J'ai vu des films plus mutilés que cela, qui étaient bien plus évocateurs de ce que souhaitait l'auteur au final. Les rushes du Quichotte de Welles, par exemple...
Rappelons juste que le film commence par une adresse de Grigori Aleksandrov, le seul survivant de l'équipe de tournage, Matté et Eisenstein étant morts depuis. Il explique que les kms de pellicule filmée ont été conservés à Hollywood, qui avait commandé ce film à Eisenstein, puis interrompit la production et garda les rushes. Ce ne fut que 50 ans plus tard que la Russie récupéra ce matériau, et que l'on s'efforça de monter et de sonoriser ce qu'il y avait, même si tout n'avait pas été tourné.
Je ne vais pas résumer la structure du film, mais il est très déroutant, dans la mesure où l'on passe sans transition de passages strictement documentaires, comme la corrida, dont Eisenstein saisit bien la violence primale, à la "romance" terriblement cruelle et sèche du cultiveur de cactus, dont il manque visiblement bien des éléments de contextualisation (le contexte d'oppression sociale est trop vite évoqué). Toute une partie, celle qui devait s'appeler "Soldadera", n'est composée que de plans fixes avec Aleksandrov qui explique (assez nébuleusement) en voix off l'intention d'origine.
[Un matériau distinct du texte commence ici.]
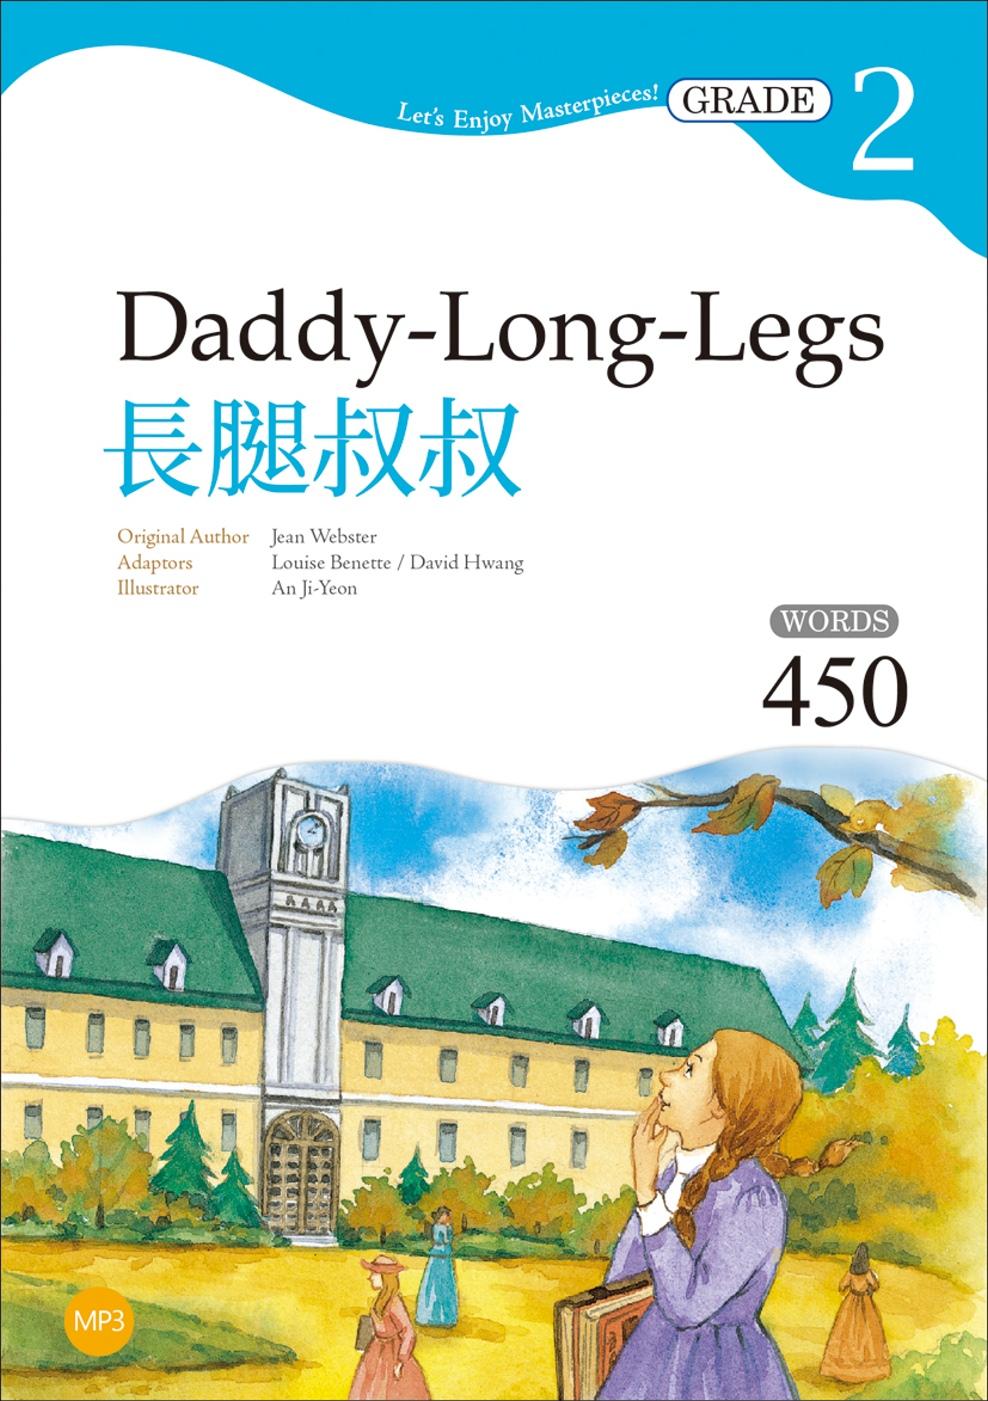 長腿叔叔【Grade 2經典文學讀本】(二版)(25K+1MP3)

Alors oui, il y a des fulgurances visuelles (celles qui me touchent le plus, c'est cet espèce d'Eden du couple dans un hamac, au début), mais je vais être franc : on a l'impression qu'Eisenstein ne savait pas encore vraiment dans quelle direction devait aller son film, et peut-être vit-il avec soulagement ses rushes confisqués.
Que viva Mexico ! est un objet visuel en mouvement qui contient des plans à juste titre restés célèbres, mais qui manque encore cruellement de polissage avant de faire un vrai film.